Possible close relatives of Uberabatitan include Laplatasaurus and Brasilotitan. Gallina and Otero recovered Laplatasaurus as the sister taxon of Uberabatitan in an analysis that did not include Brasilotitan. Navarro and colleagues and Filippi and colleagues have recovered Brasilotitan as the sister taxon of Uberabatitan in analyses that did not include Laplatasaurus. Silva and colleagues regarded a close relationship between Uberabatitan and Brasilotitan "possible"; their analysis recovered a polytomy of Brasilotitan, Uberabatitan, and a clade containing other members of Aeolosaurini.
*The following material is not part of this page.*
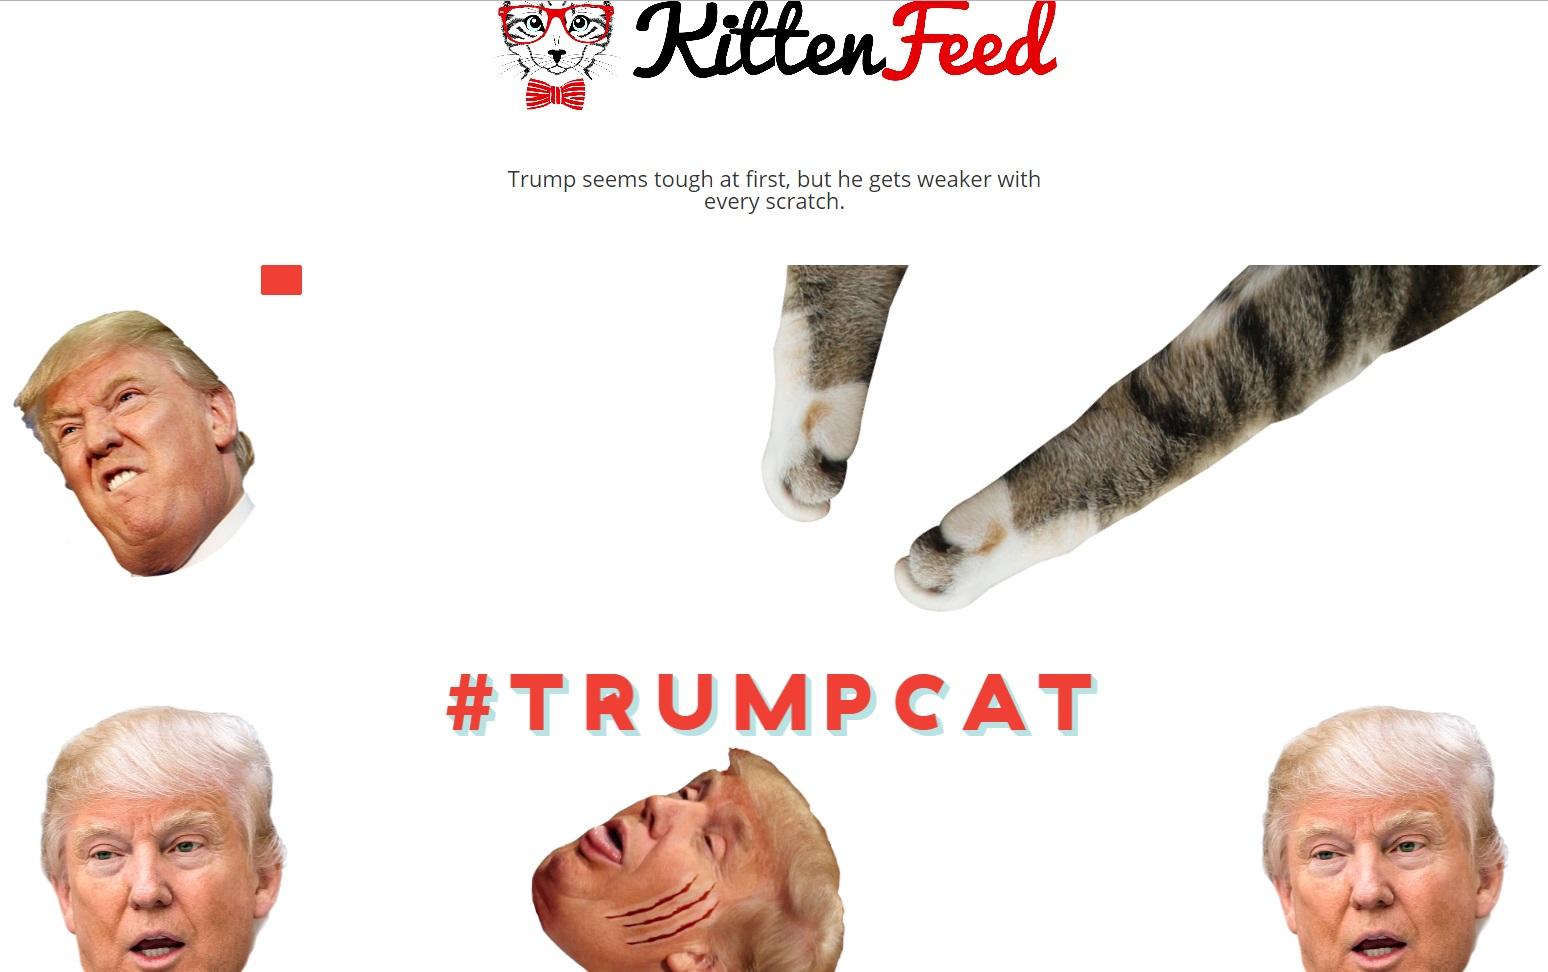 Kitten Feed

In an analysis that included neither Laplatasaurus nor Brasilotitan, Uberabatitan was recovered as a member of Aeolosaurini most closely related to Bravasaurus, Gondwanatitan, and Trigonosaurus.

==Paleobiology==
Uberabatitan, like other sauropods, underwent rapid, uninterrupted growth early in life. Individuals closer to maturity would have transitioned to cyclical growth, with periodic slowdowns in their growth rate.